ABCED3193P → Valid PAN
lEcGD012eg → Invalid PAN


In [None]:
text = "heyyy this is a verrrry loong texttt good"
cleaned = re.sub(r'(.)\1+', r'\1', text)
print(cleaned)


hey this is a very long text god


In [None]:
text = "9990001796 is a phone number of the PMO office."
mobile = re.findall(r'\b[6-9]\d{9}\b', text)
print(mobile)


['9990001796']


In [None]:
text = "Ajit Doval is the National Security Advisor in India."
caps = re.findall(r'\b[A-Z][a-z]*\b', text)
print(caps)


['Ajit', 'Doval', 'National', 'Security', 'Advisor', 'India']


## Q-II: Edit Distance

Edit distance is a measure of similarity between two strings.
It represents the minimum number of operations required to transform one string into another.

The allowed operations are:
- Insertion
- Deletion
- Substitution

In this assignment, the **Levenshtein Edit Distance algorithm** is implemented using dynamic programming.

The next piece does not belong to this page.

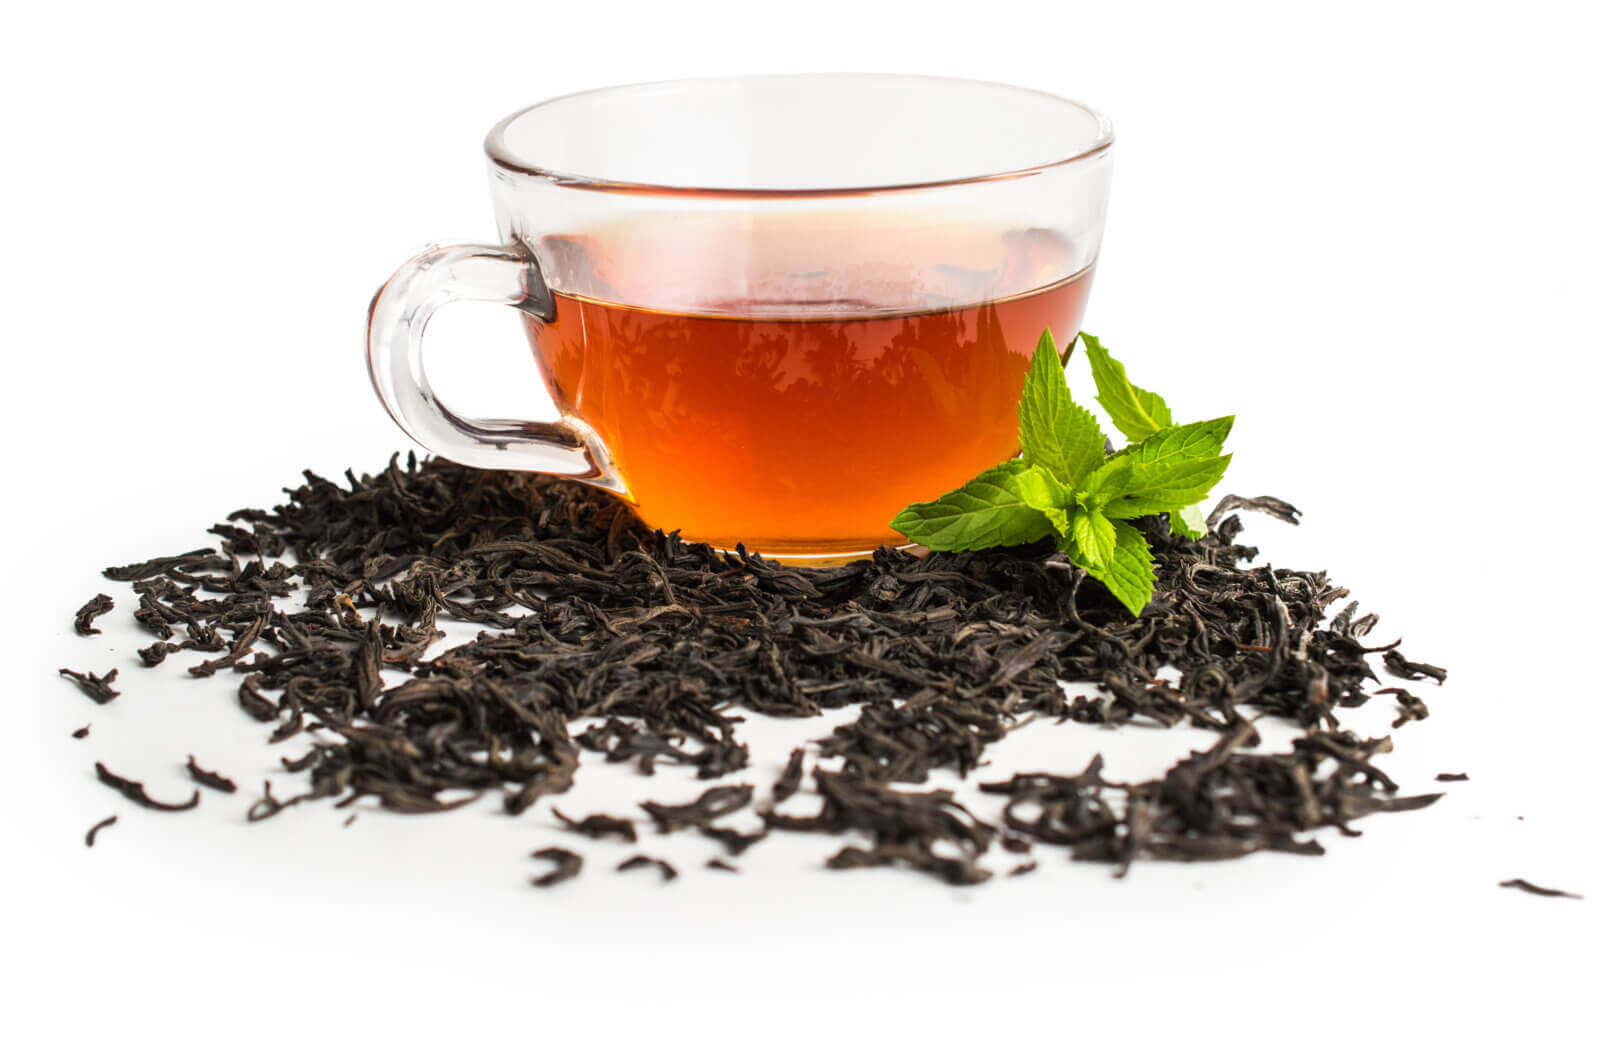 Tea Leaves surrounding a glass of black tea

## Algorithm: Dynamic Programming

Dynamic programming is used to solve the edit distance problem efficiently by breaking it into overlapping subproblems.
A two-dimensional matrix is constructed to store intermediate results, ensuring optimal time complexity.



In [None]:
def calculate_edit_distance(str1, str2):
    m, n = len(str1), len(str2)
    dp = [[0]*(n+1) for _ in range(m+1)]

    for i in range(m+1):
        dp[i][0] = i
    for j in range(n+1):
        dp[0][j] = j

    for i in range(1, m+1):
        for j in range(1, n+1):
            if str1[i-1] == str2[j-1]:
                dp[i][j] = dp[i-1][j-1]
            else:
                dp[i][j] = 1 + min(
                    dp[i-1][j],    # Delete
                    dp[i][j-1],    # Insert
                    dp[i-1][j-1]   # Replace
                )
    return dp[m][n]


In [None]:
pairs = [("kitten","sitting"), ("flaw","lawn"), ("distance","editing")]

for a,b in pairs:
    print(a, "→", b, "=", calculate_edit_distance(a,b))


kitten → sitting = 3
flaw → lawn = 2
distance → editing = 5


## Applications of Edit Distance

Edit distance is widely used in:
- Spell checking
- Autocorrection systems
- Plagiarism detection
- DNA sequence analysis
- Text similarity measurement in NLP


## Conclusion

This assignment highlights the challenges of tokenizing real-world text and demonstrates how regular expressions can be used to extract meaningful patterns.
Additionally, the implementation of edit distance provides insight into string similarity measurement and the role of dynamic programming in NLP applications.